--- START ---
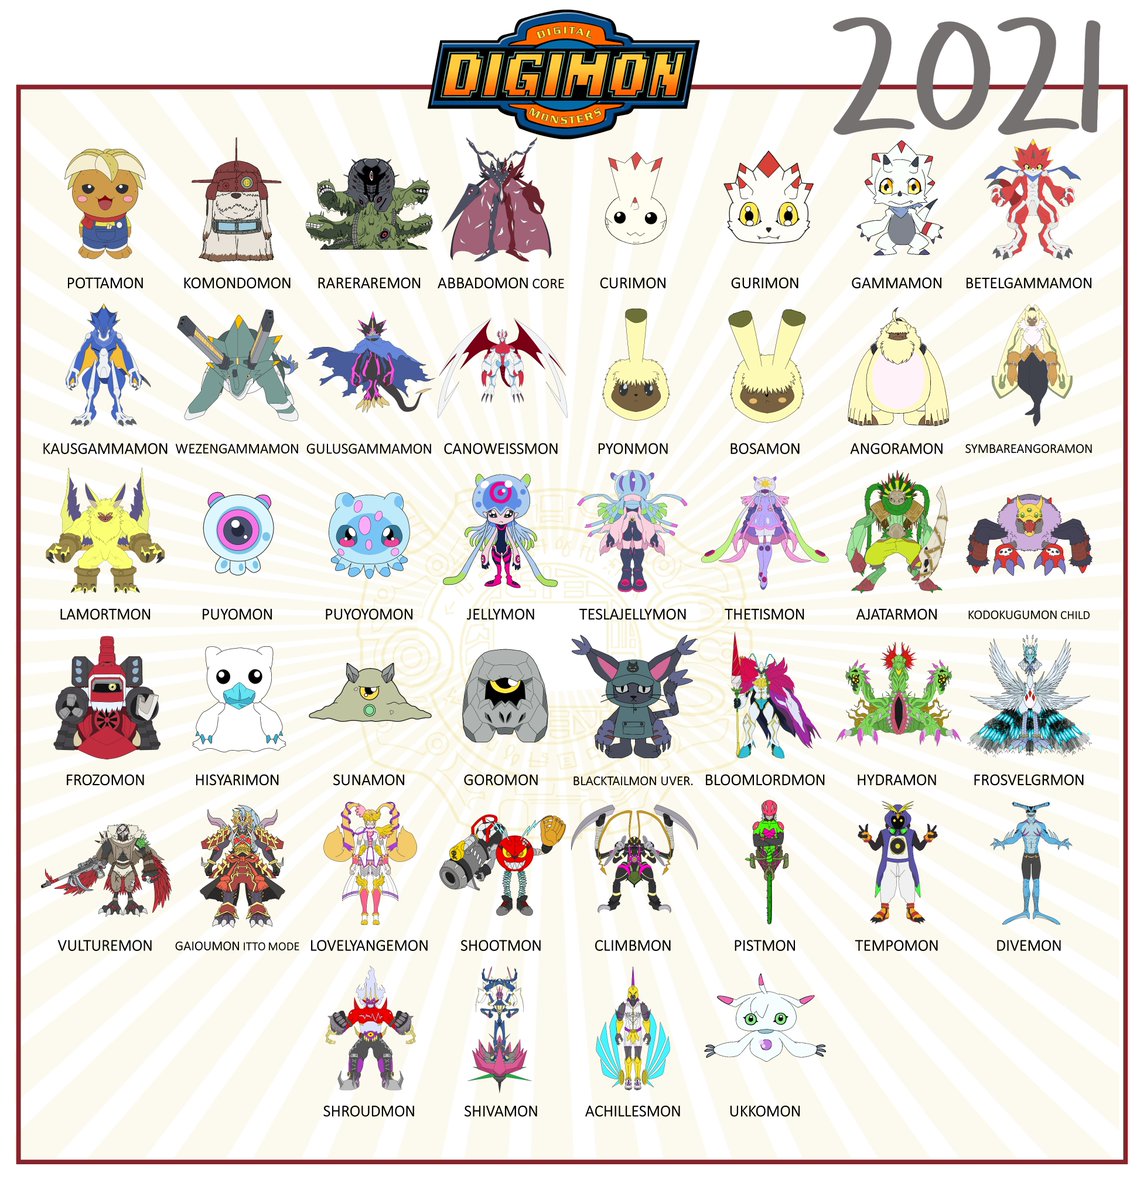 DIGIMON BY YEAR OF DEBUT: 2021
 ------------  
Only two years left. 👻😊

#Digimon #Poster #Anime #Manga #デジモン #Pokemon #Arte #Art #Lineart #Draw #DigimonAdventure #Digimonghosgame #Gammamon #Vitalbracelet #DigimonSeekers
--- END ---
Transcribe the data exactly, minus any images.

**Result:**
 DIGIMON BY YEAR OF DEBUT: 2021
 ------------  
Only two years left. 👻😊

#Digimon #Poster #Anime #Manga #デジモン #Pokemon #Arte #Art #Lineart #Draw #DigimonAdventure #Digimonghosgame #Gammamon #Vitalbracelet #DigimonSeekers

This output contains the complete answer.